Quick, Free, and Easy Ways to Market Your Startup - inglorian
http://blog.yakgroups.com/2009/12/free-easy-and-quick-ways-to-market-your.html

======
patio11
Participation on forums as a method of direct customer acquisition _doesn't
scale_. This isn't to say that it is valueless, but if you're recruiting your
new trial users by individual persuasion you had darn well better me selling
at Big Freaking Enterprise price points. Otherwise you are spending a huge
amount of effort buying yourself a below minimum-wage job. Unless something
has changed drastically in American college students in the last five years,
you are probably not selling them enterprise software.

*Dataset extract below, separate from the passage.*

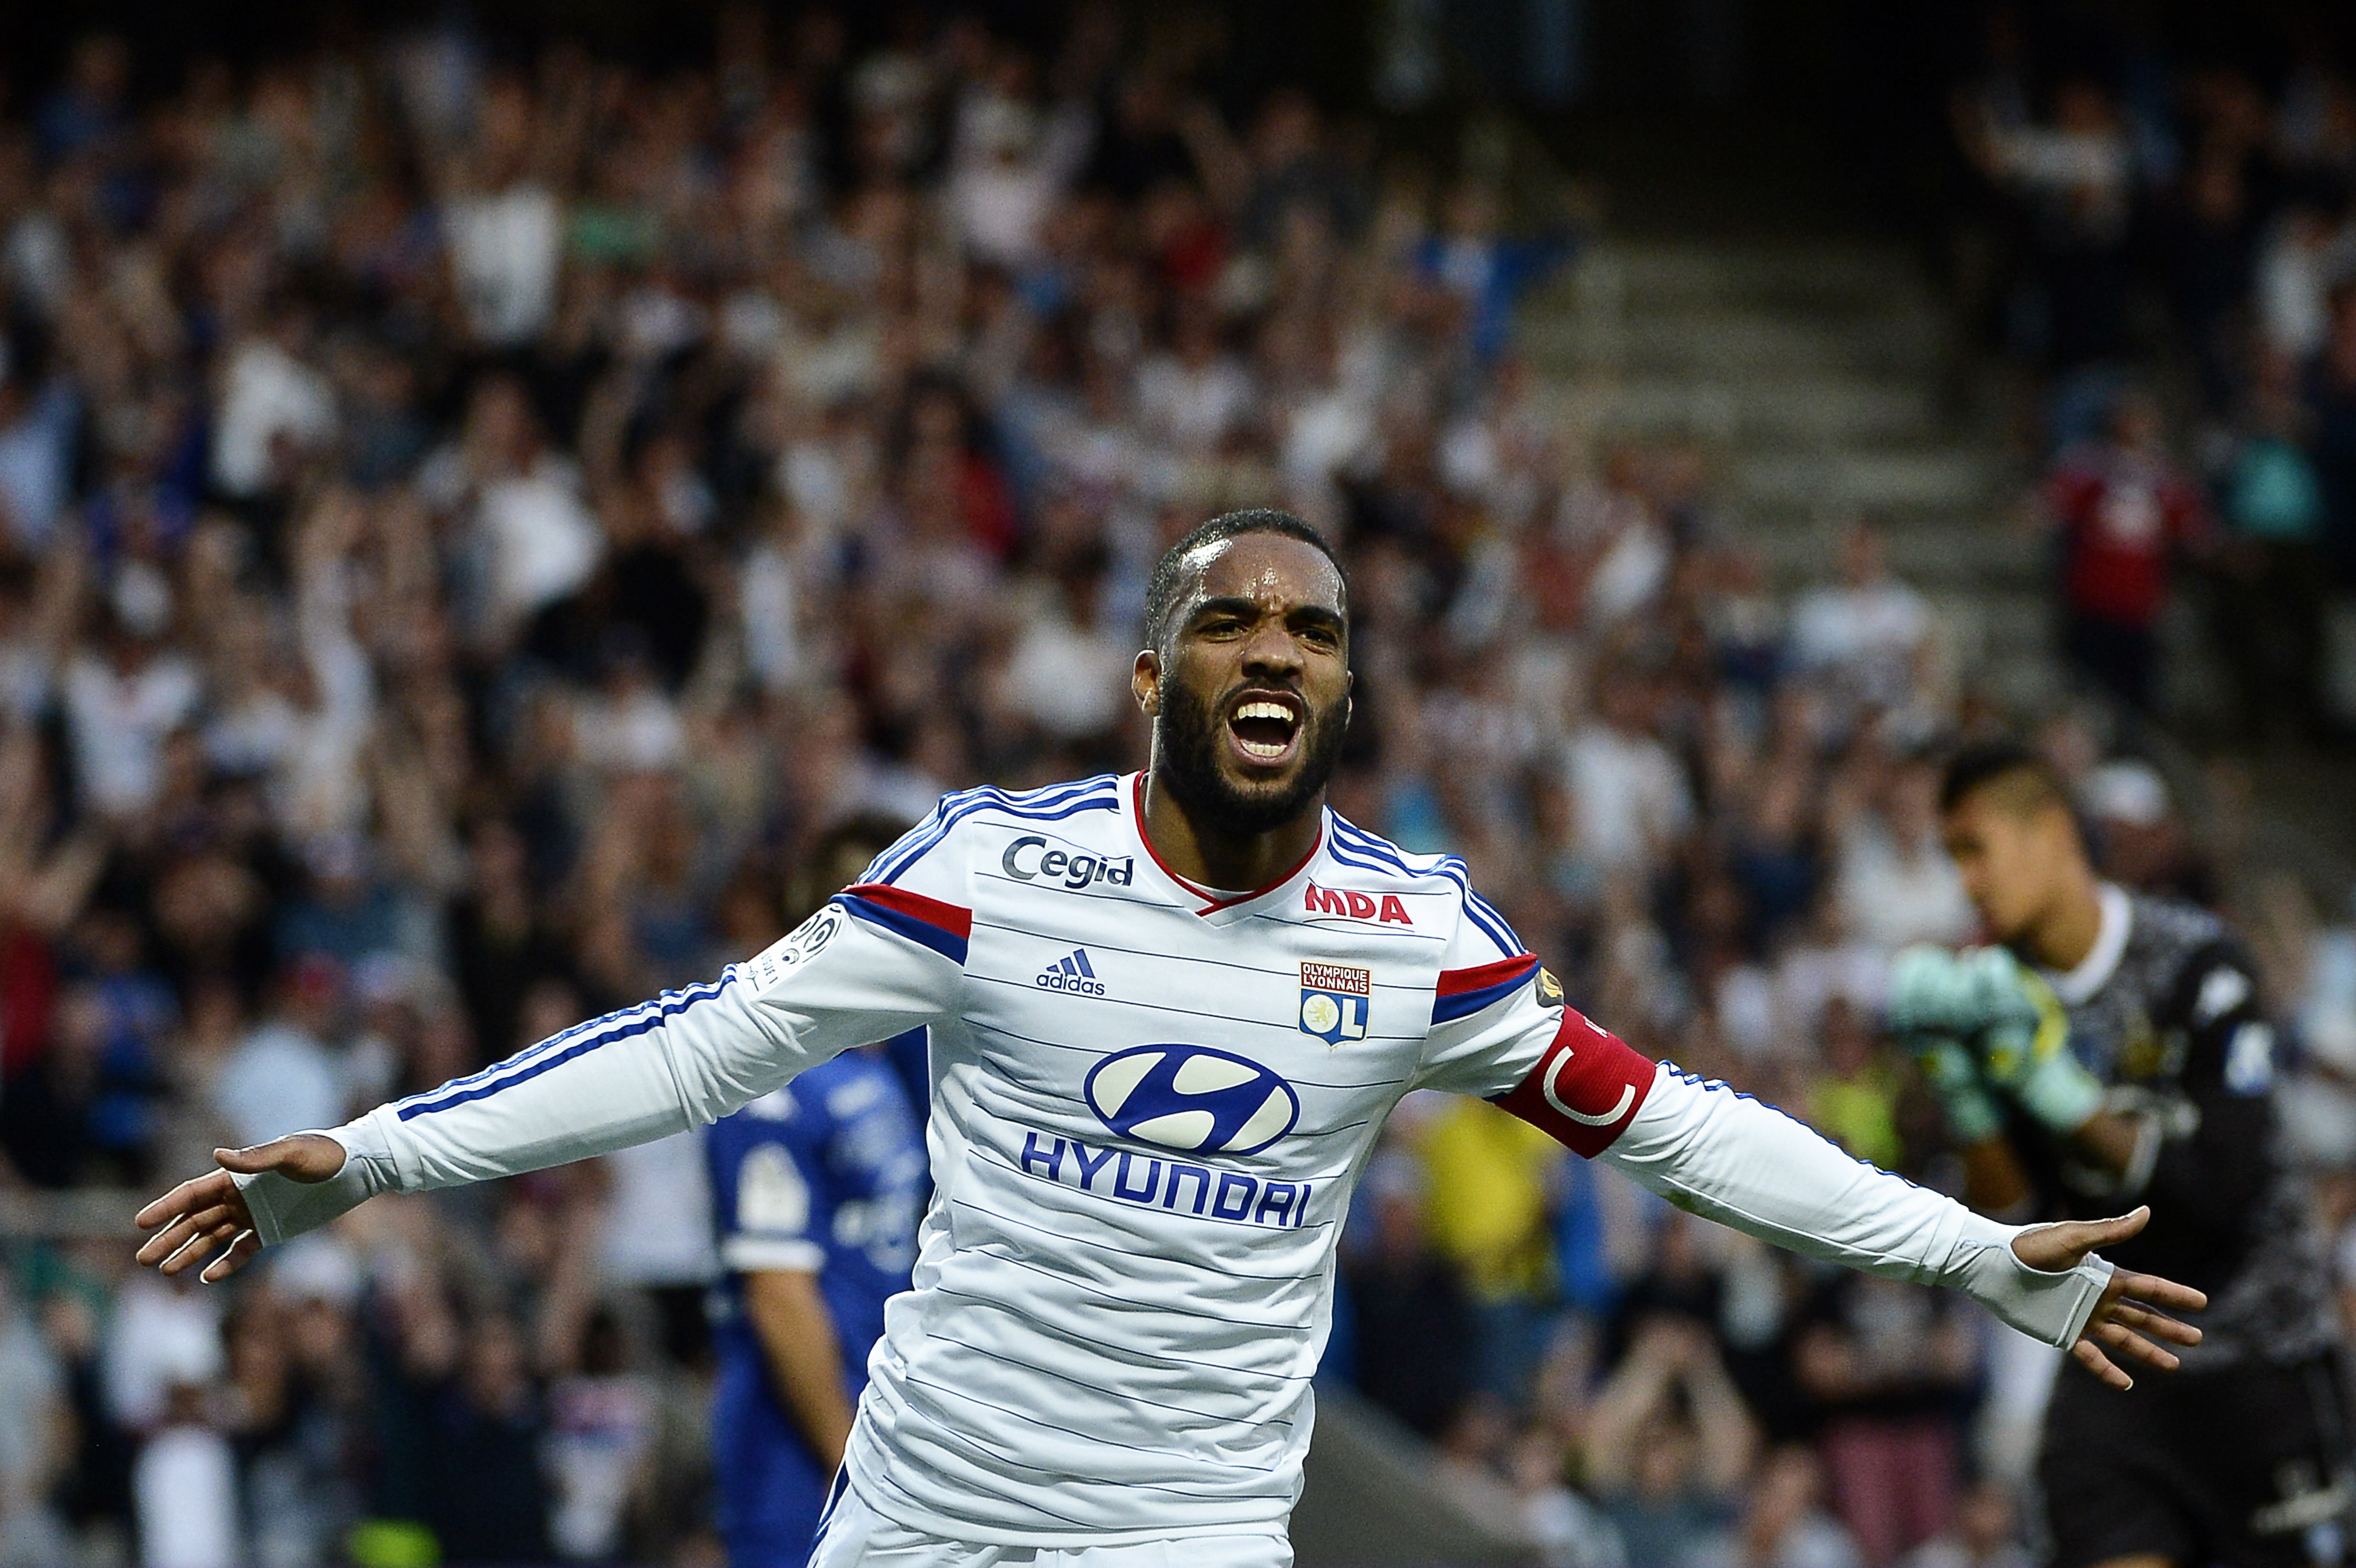 Alexandre Lacazette has established himself as one of the best forwards in Europe right now and reportedly wants to leave Lyon to take the next step in his fledgling career.(Picture Courtesy - AFP/Getty Images)
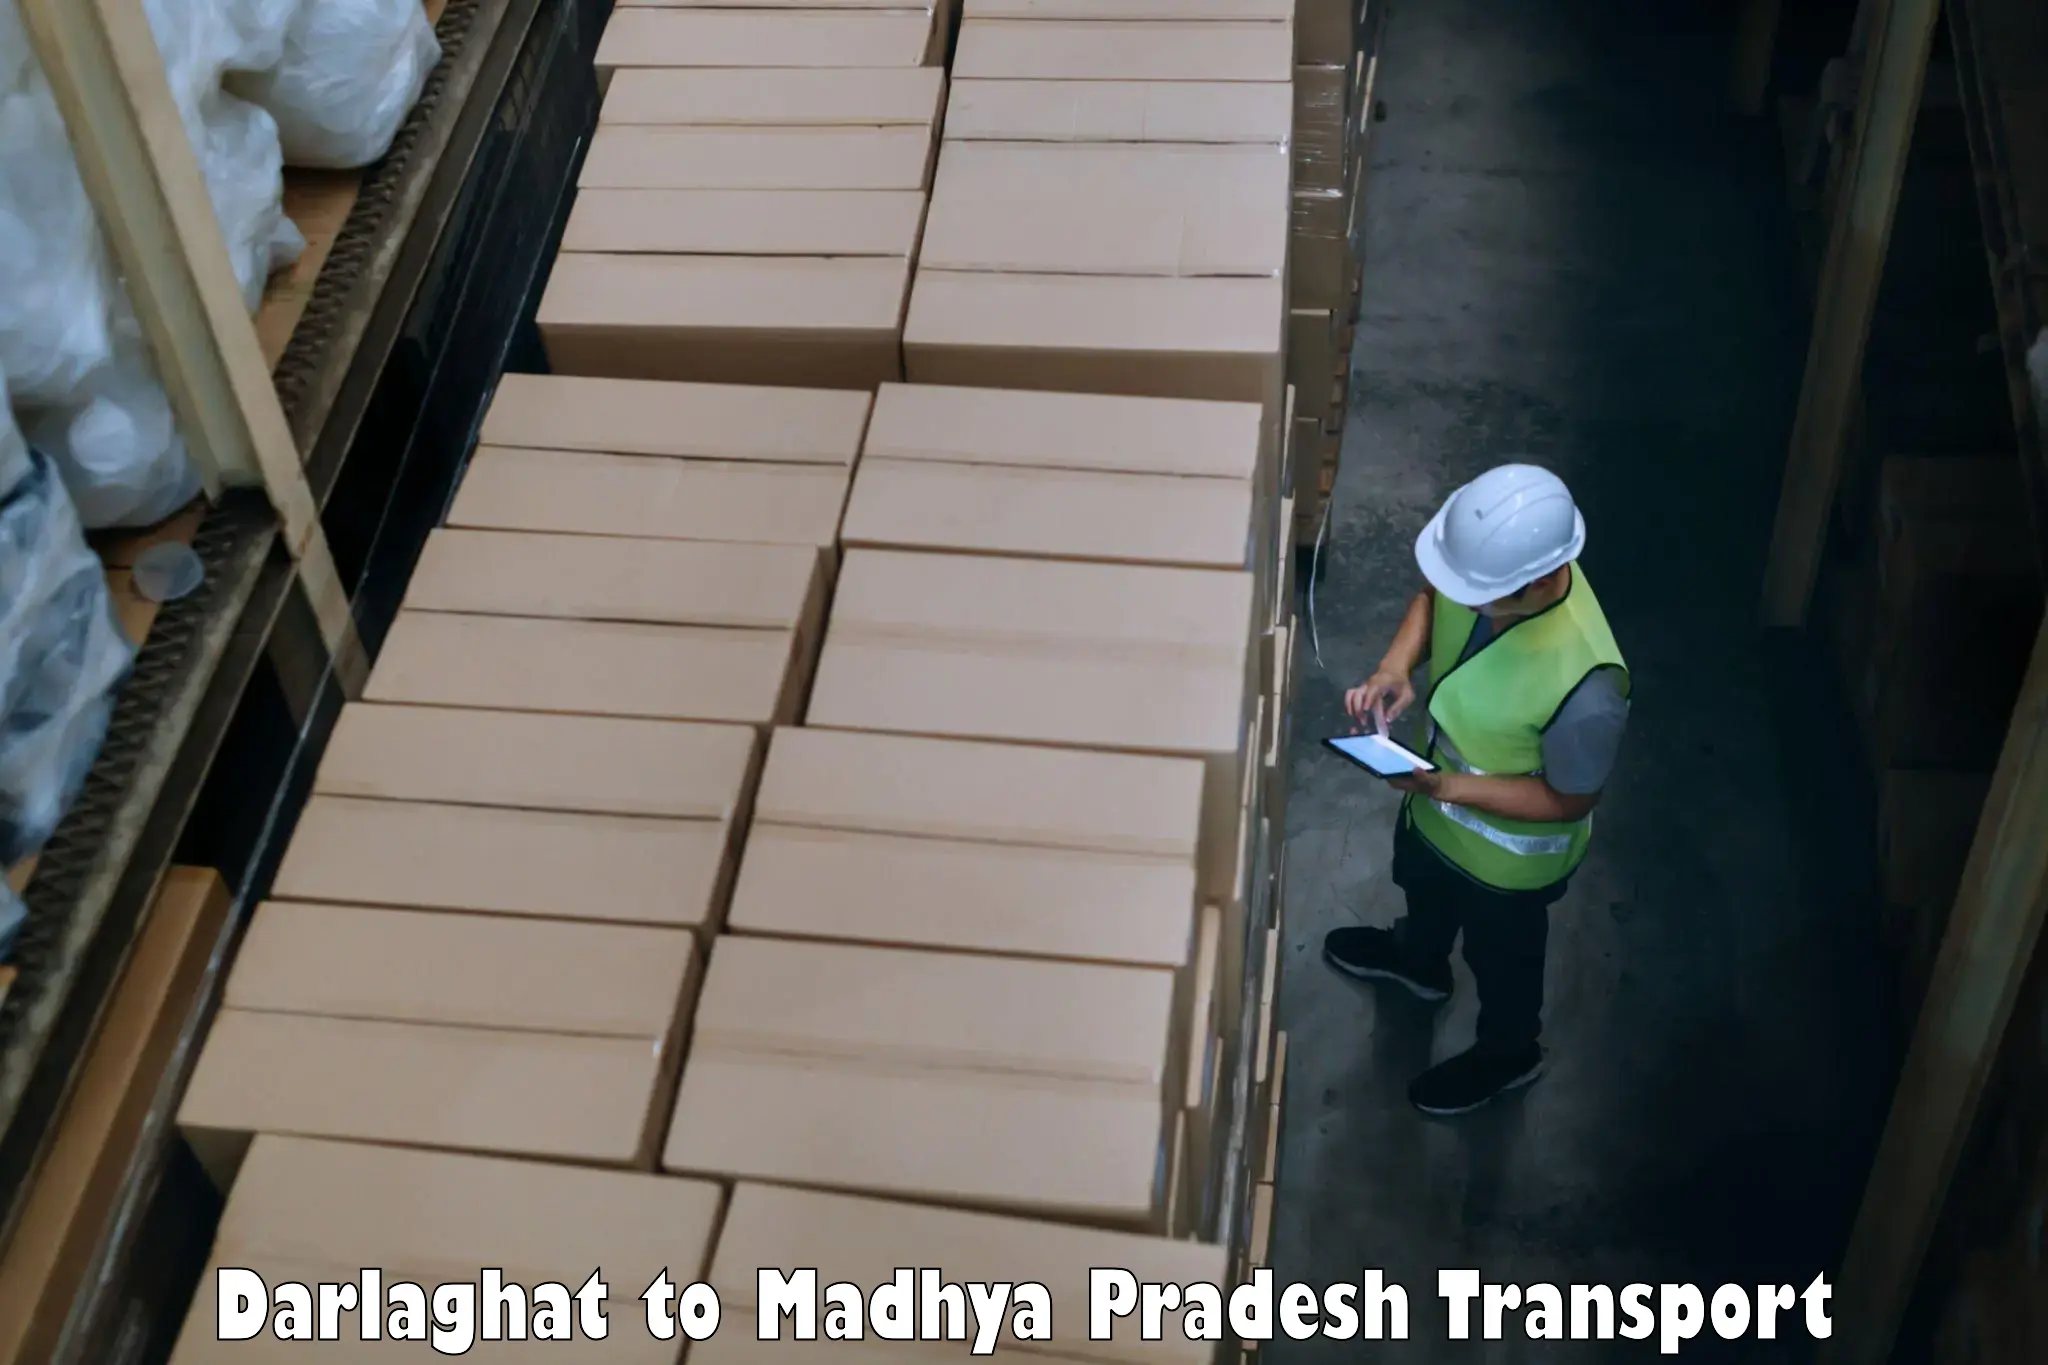 Air cargo transport services in Darlaghat to Chhindwara

Ditto Q/A websites. By the way, you know they're essentially just massive
funnels for low quality UGC to choke search engines with, right? (I will give
an honorable exception to StackOverflow because some of their answers actually
contain useful information that could not be gleaned from a Google search, and
the embedded MMORPG is kind of fun.)

Put the content on your own darn page and disintermediate the middle man. (SEO
is free (well, freeish) and _effective_ , although it is neither quick nor
particularly easy.)

------
shmichael
There is a tradeoff between quick, free, easy and _effective_. Its impossible
to learn such techniques on a blog, because any quick, free & easy method
would draw the crowds, rendering it ineffective.

Besides, the author's suggestions involve spending time answering and
searching forums. Not my definition of "quick".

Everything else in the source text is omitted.